I used Orangette's plum crumble recipe, substituting peaches for the plums. I almost did not include the ginger, but I really like the blend of peach and ginger, so I left it in.

peach crisp
peach crisp

Of course, N didn't expect the ginger and it threw him for a loop when he took his first bite! I think ginger almost ruined the dish for him. Ack! I guess I should have warned him.

I really loved how the crisp topping came out -- you blend flour, sugar, salt, baking powder, and cinnamon, then add a well-beaten egg to it. It makes loose chunks of dough, which you use to top the fruit. Then you spoon melted butter over it and bake.
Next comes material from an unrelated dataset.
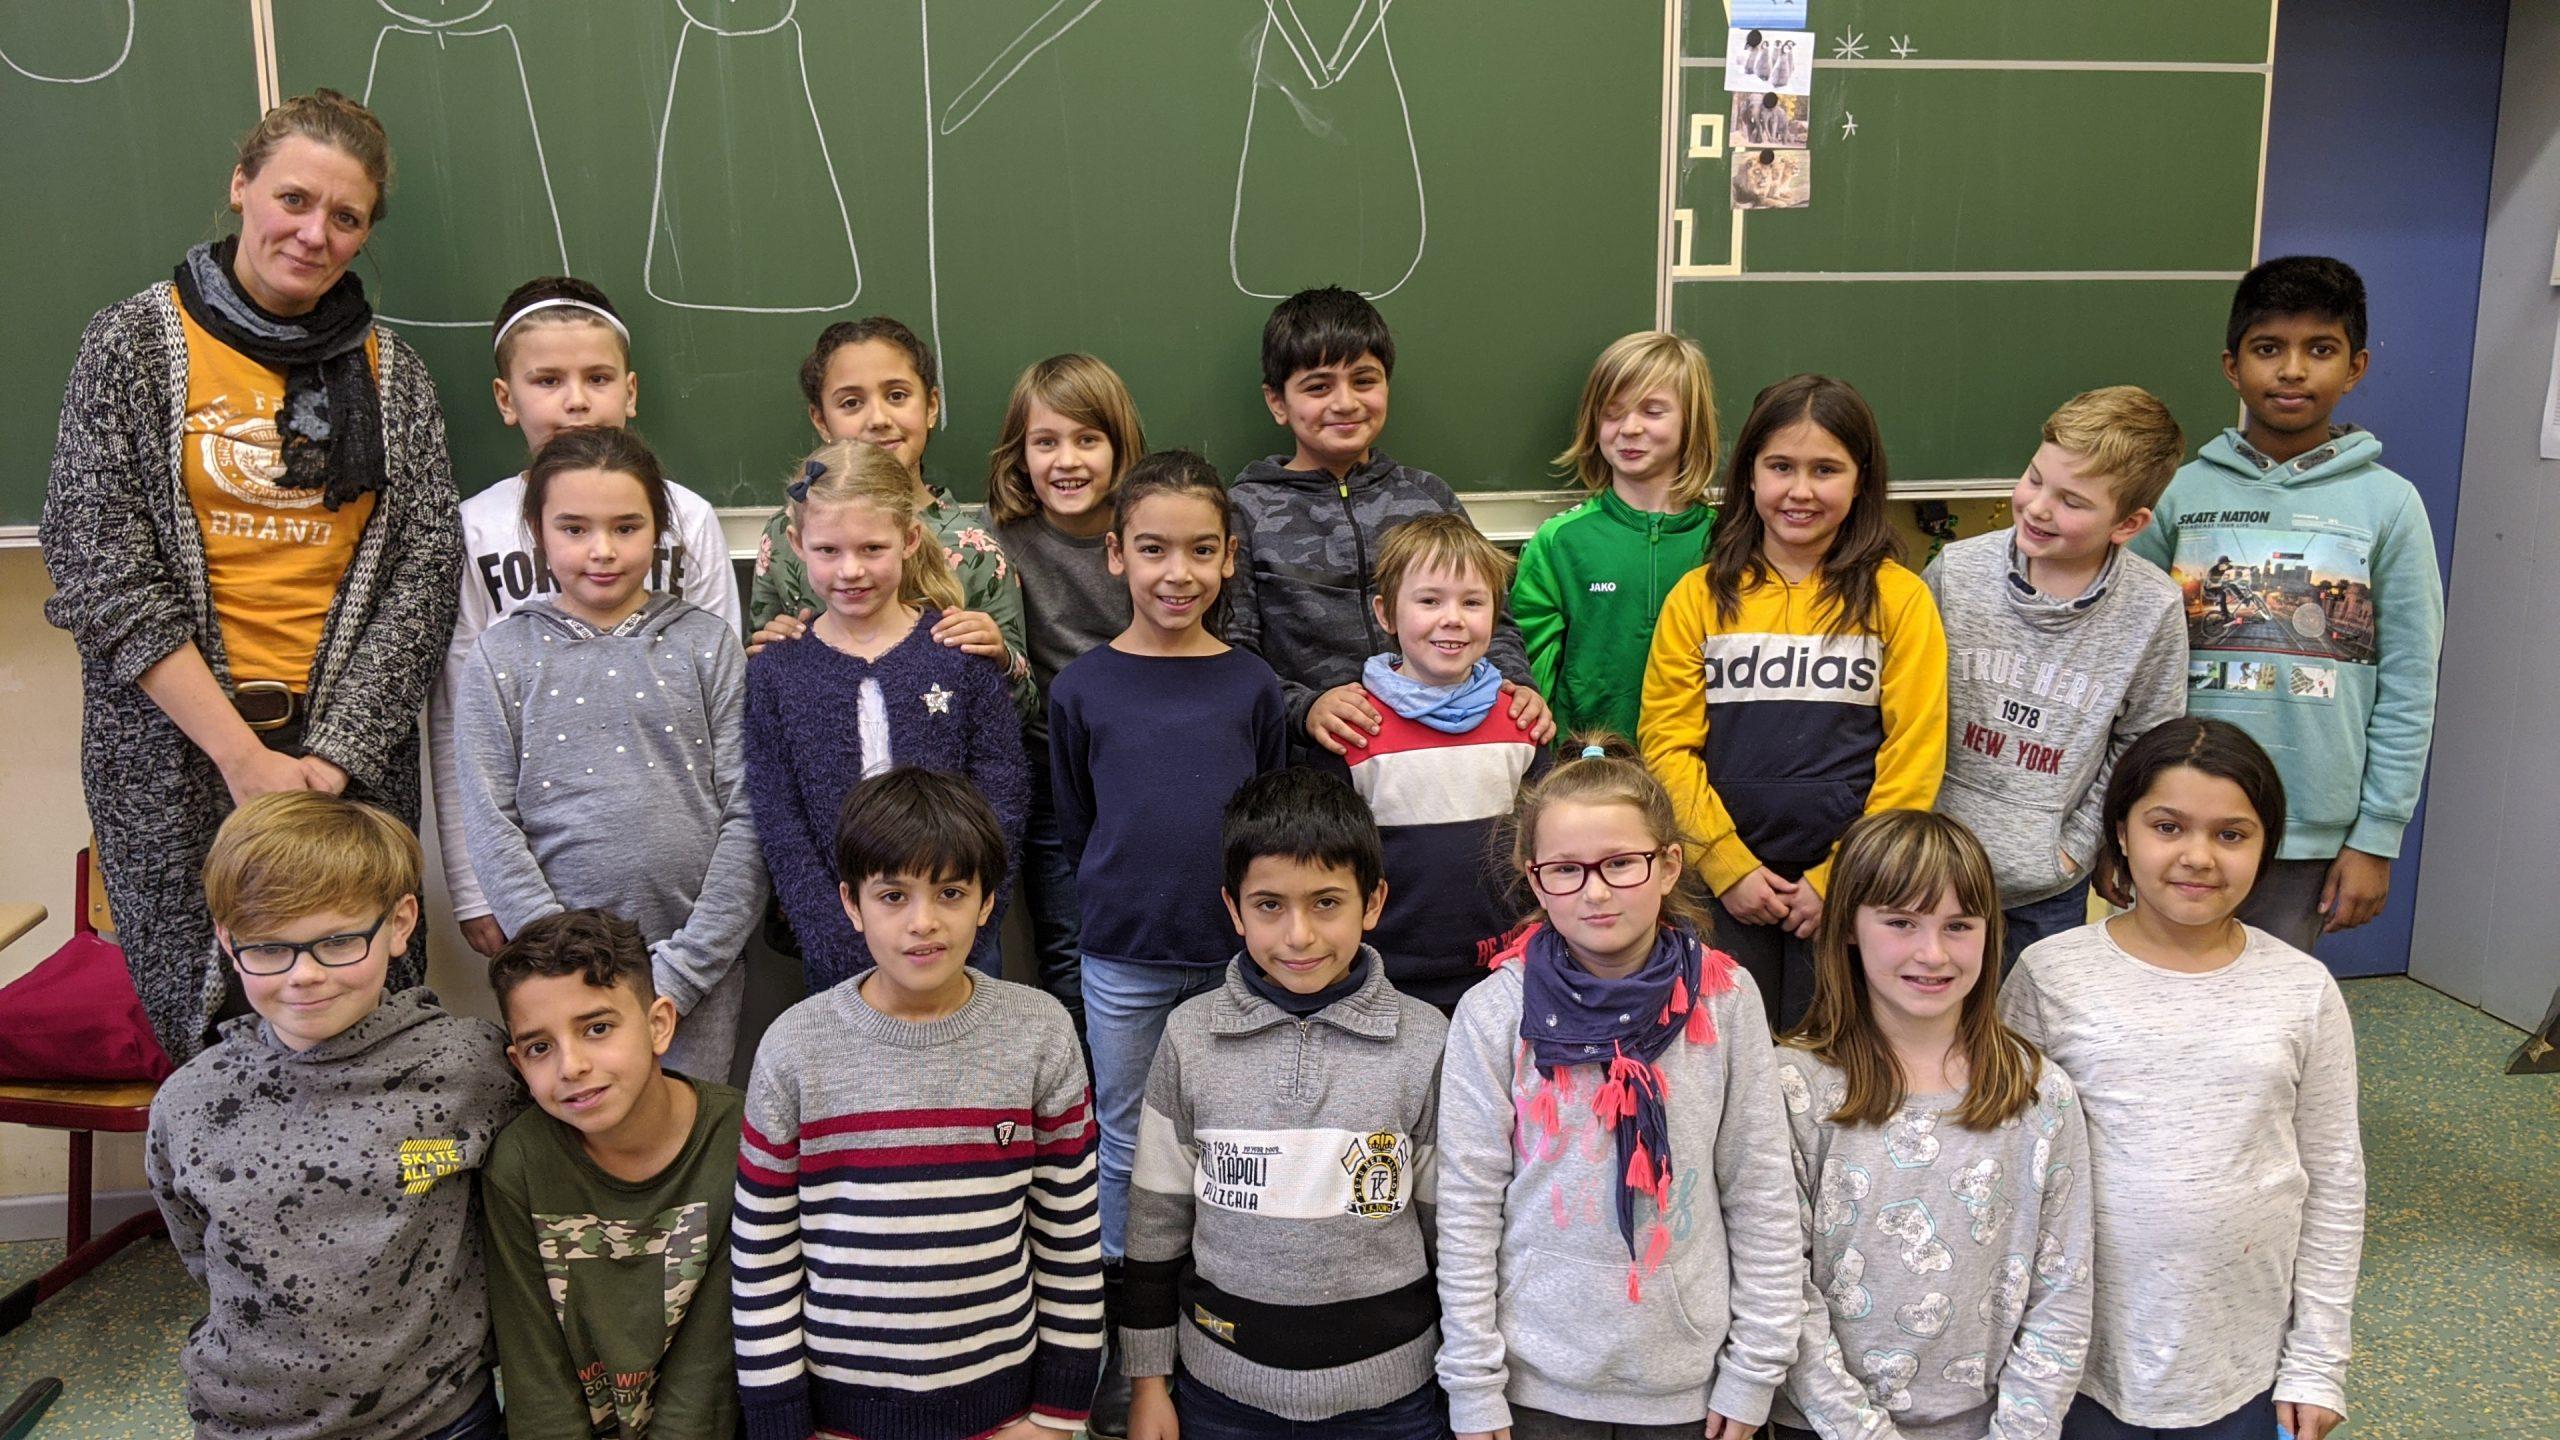 Drachenklasse 3b, Klassenfoto 2019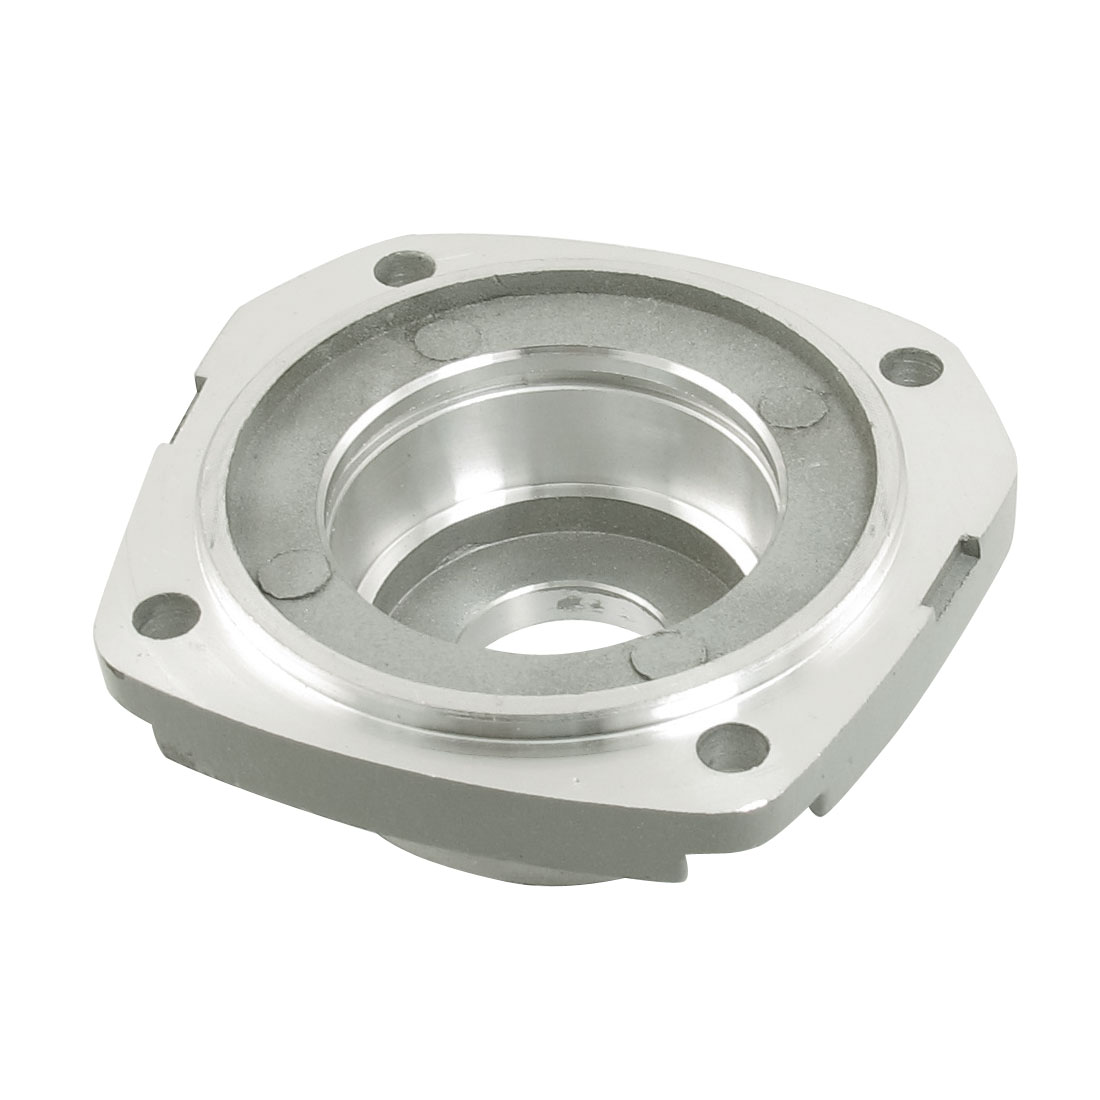 "Replacing 6mm Mount Angle Grinder Aluminum Bearing Seat 2.9"" Length"

It gets deliciously crunchy and textured. I will be using this crisp topping again. I would use a little less cinnamon overall next time.

peach crisp
peach crisp

We finished off the warm evening of full bellies by playing with the card shuffler and two card-based games, Uno and Bohnanza (BGG). You kicked butt in Uno and won the game after 17 matches! It was a close game.

After a poor start, I had a couple of solid Bohnanza games. I seem to do better in Bohnanza when I plant Coffee Beans, though I'm not sure why! Maybe next weekend we can finally try Agricola (Bohnanza and Argicola were designed by the same fellow). I hope! I am ready for a new game.